Le véritable problème pour les Européens est ailleurs : il s'appelle la confiance.


Un changement de dirigeant ne suffira pas à débarrasser la Russie de son impérialisme. Je le répète encore, celui-ci ne repose pas uniquement sur Poutine. Il est inscrit dans la structure même de l'État, dans le récit national, dans l'éducation, dans le rapport historique aux peuples voisins et dans cette idée profondément ancrée que la sécurité de la Russie exige la faiblesse ou la subordination de ses périphéries.

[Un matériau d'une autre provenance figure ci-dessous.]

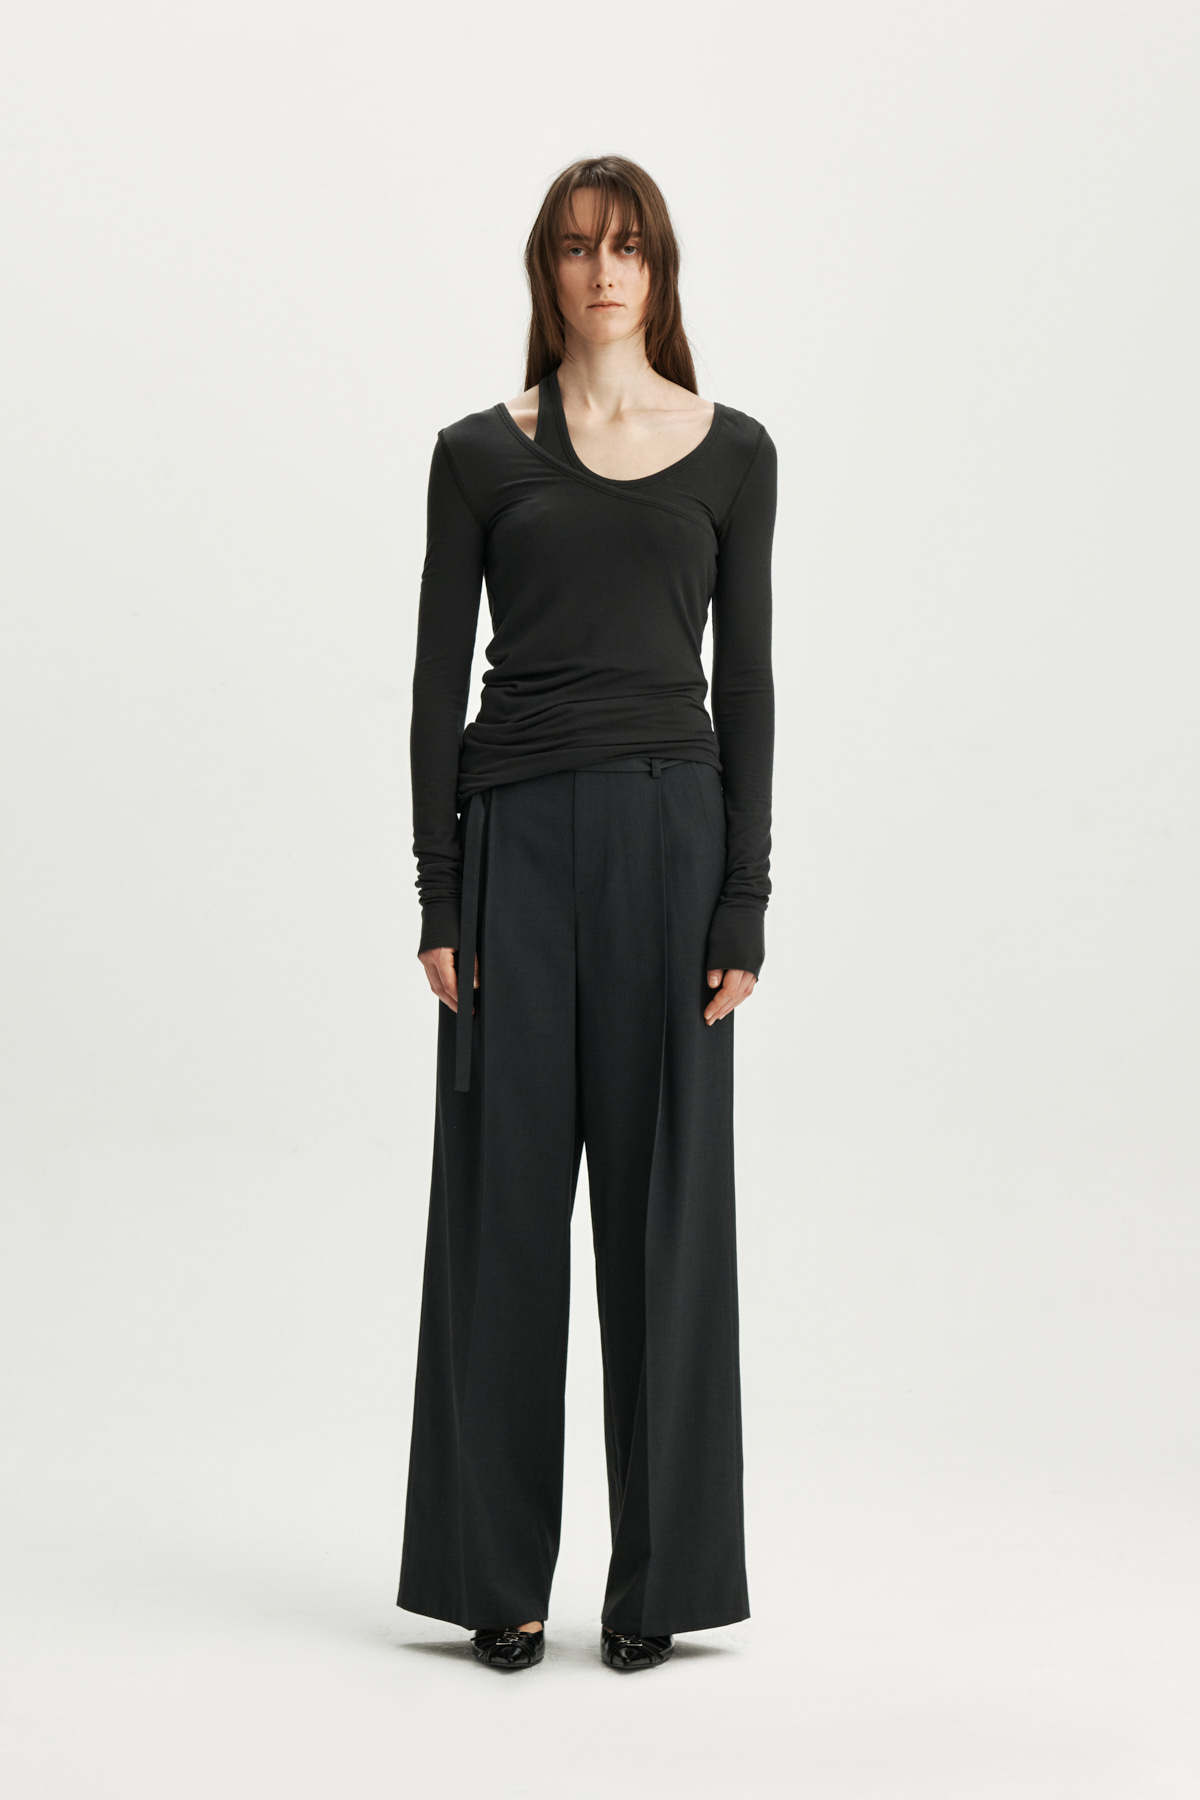 BELTED WIDE TROUSER IN CHARCOAL

Pour sortir de cette logique, il faudrait probablement une défaite clairement comprise comme telle, une perte durable de la capacité d'imposer sa volonté à ses voisins, une transformation profonde des institutions et l'émergence d'un nouveau récit national.

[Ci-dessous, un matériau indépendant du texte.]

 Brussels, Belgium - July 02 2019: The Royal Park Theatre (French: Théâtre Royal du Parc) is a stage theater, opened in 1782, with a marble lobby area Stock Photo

Rien de tout cela ne peut être rapide.

 L'Allemagne et le Japon n'ont changé qu'après une rupture totale : une défaite militaire écrasante, une forte contrainte extérieure et une reconstruction politique en profondeur. La Russie pourrait peut-être évoluer autrement, mais certainement pas grâce à une simple dépoutinisation cosmétique. Nous étions naïfs en 1991, j'espère que nous le sommes moins après la guerre dévastatrice en Ukraine.


C'est pourquoi je crois que l'Europe ne devrait pas construire sa stratégie autour de l'espoir de récupérer la Russie à court terme. Elle doit D'ABORD bâtir une position de force qui permettra, peut-être un jour, d'amorcer une autre relation avec une nouvelle génération de ce pays.


Et je vais essayer de montrer dans mon prochain texte qu'il me semble parfaitement possible de contenir la Russie à nos frontières, même si cela nous conduit probablement vers une décennie de confrontation en zone grise.